Run the following terminal command **when located in the root folder of the repository**. This runs all combinations of experiments in the above config file. In other words, 8 * 2 * 2 * 8 * 10 = 2560 jobs. The "_n_workers" specifies how many jobs to run in parallel (i.e., how many cores of your CPU to use). See bottom of notebook for how to parellelize this across multiple CPUs, as this will be very slow on one CPU. Alternatively, you can modify the config to only run the jobs you are interested in.

In [None]:
!python acc/run_experiments.py --config=configs/acc_experiment/experiment1.json

## Generating results

After the command above finishes all experiment results is saved to the folder "experiment_results_local". Because this can be slow, we have already finished the experiments and placed the results in the folder "experiment_results". We now illustrate how plots can be generated based on the results.
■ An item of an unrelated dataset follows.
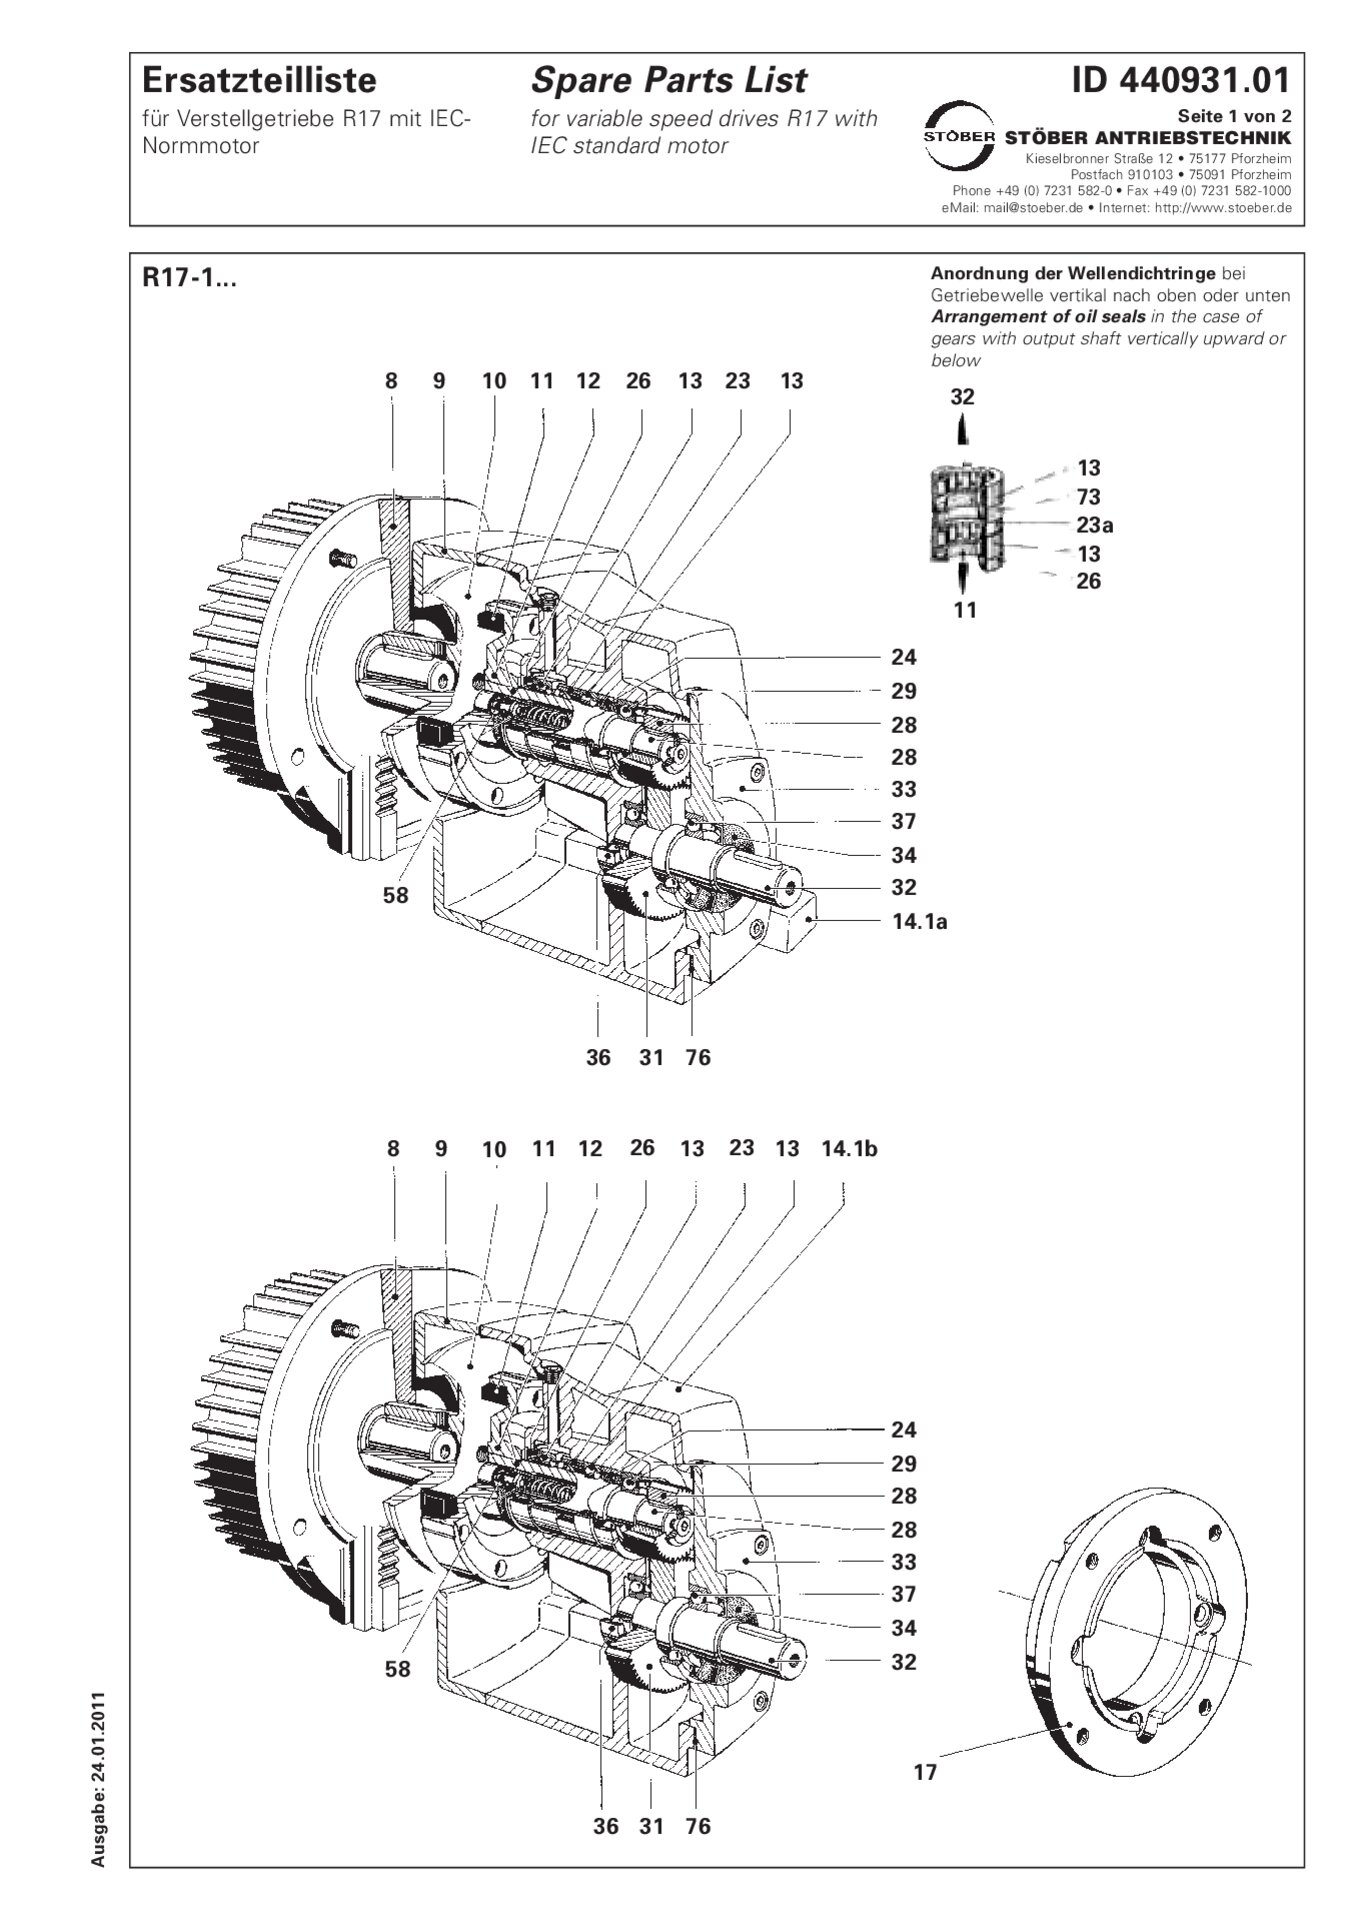 Spare parts list R17-1 with IEC standard motor

After running the two cells below, plots for all datasets (and other parameters) can be found in "../plots/acc_experiment/". You can modify the config if you only want to generate results for a subset of the experiments.

In [12]:
from acc.experiment_data import ExperimentReader
er = ExperimentReader(metrics=["rand", "ami", "num_repeat_queries", "num_violations", "time_select_batch"])
data = er.read_all_data(folder="../experiment_results/acc_experiment")
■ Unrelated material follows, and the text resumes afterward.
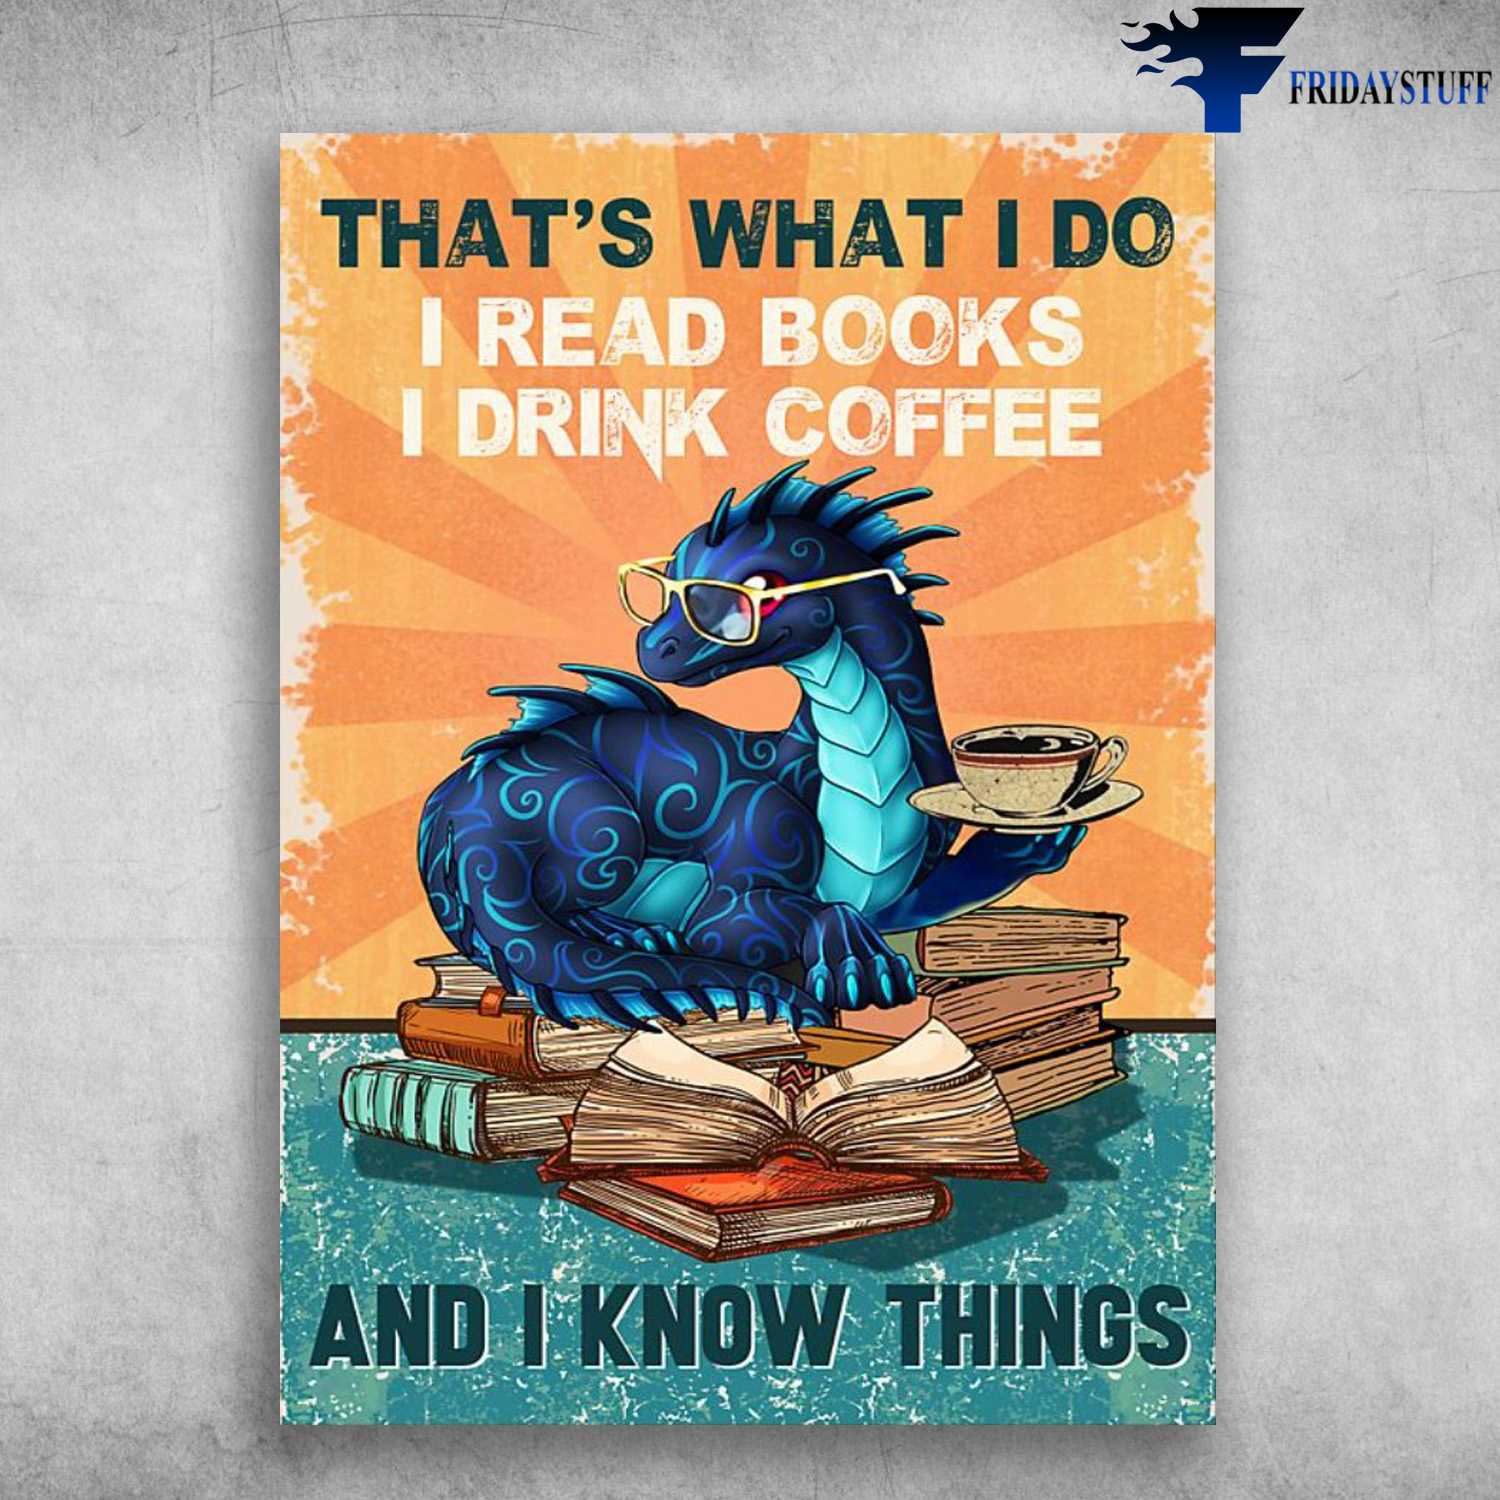 Dragon Reading, Book And Coffee - That's What I Do, I Read Books, I Drink Coffee, And I Know Things

# uncomment to load data from your locally executed experiments
#data = er.read_all_data(folder="../experiment_results_local/acc_experiment")

In [21]:
data[data["acq_fn"] == "QECC"].iloc[15]["rand"][0]
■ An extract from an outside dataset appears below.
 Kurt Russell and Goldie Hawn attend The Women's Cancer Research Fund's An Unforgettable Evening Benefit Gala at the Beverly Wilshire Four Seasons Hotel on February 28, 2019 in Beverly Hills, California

array([0.45632351, 0.        , 0.        , 0.        , 0.        ,
       0.32986312, 0.09961036, 0.00577823, 0.35953738, 0.29999942,
       0.39184728, 0.27762071, 0.30126823, 0.34607857, 0.34987935,
       0.3078325 , 0.1497615 , 0.4089467 , 0.23585546, 0.32665499,
       0.19588229, 0.37656926, 0.20331101, 0.18593849, 0.30666243,
       0.31591129, 0.41272392, 0.35803657, 0.36069275, 0.35180472,
       0.22170296, 0.19967989, 0.34386342, 0.2661924 , 0.19074452,
       0.36678703, 0.33303105, 0.23113206, 0.24027535, 0.2959439 ,
       0.31928153, 0.28259881, 0.16019252, 0.18636357, 0.39684724,
       0.23321008, 0.15905161, 0.34335448, 0.36207486, 0.3344368 ,
       0.40120047, 0.33591049, 0.21286232, 0.362982  , 0.40032621,
       0.37578277, 0.34334859, 0.19718765, 0.24644271, 0.39865751,
       0.40755771, 0.29189617, 0.3555325 , 0.30397863, 0.3514252 ,
       0.32613314, 0.35606187, 0.282835  , 0.1478686 , 0.44559785,
       0.21821176, 0.40484403, 0.40209739, 0.31458631, 0.42579

In [13]:
config = {
    "_experiment_name": "acc_experiment",
    "_num_repeats": 8,
    "_n_workers": 8,
    "_verbose": True,
    "_overwrite": False,

    "seed": [14],
    "batch_size": [0.001],
    "noise_level": [0.2, 0.4],
    "warm_start": [0],
    "K_init": 10,
    "sim_init": [0.1],
    "sim_init_type": ["random_clustering", "kmeans"],
    "acq_fn": ["unif", "uncert", "freq", "maxmin", "maxexp", "QECC", "COBRAS", "nCOBRAS"],
    "eps": [0.3],
    "beta": [1],
    "tau": [3],
    "num_maxmin_edges": -1,

    "dataset_name": ["synthetic", "20newsgroups", "cifar10", "mnist", "mushrooms", "cardiotocography", "ecoli", "forest_type_mapping", "user_knowledge", "yeast"],

    "dataset_n_samples": 500,
    "dataset_n_clusters": [10],
    "dataset_class_balance": [None],
    "dataset_class_sep": [1.5],
    "dataset_n_features": [10],
    "dataset_y_flip": [0],
}

er.generate_AL_curves(
    data,
    save_location="../plots/acc_experiment/",
    categorize=[],
    compare=["acq_fn"],
    options_in_file_name=["dataset_name", "noise_level", "sim_init_type"],
    err_style="band",
    marker="o",
    markersize=6,
    capsize=6,
    linestyle="solid",
    prop=True,
    **config
)

<Figure size 900x600 with 0 Axes>

## Running experiment on multiple CPUs

It works the same as above, except we now leave the "options_to_keep" parameter empty. This means it will generate one .json file for each experiment (where each experiment will be repeated 8 times). In total we get 240 .json files, each of which can be run on its own CPU. Each CPU can then run all 8 repeats in parallel on 1 core each.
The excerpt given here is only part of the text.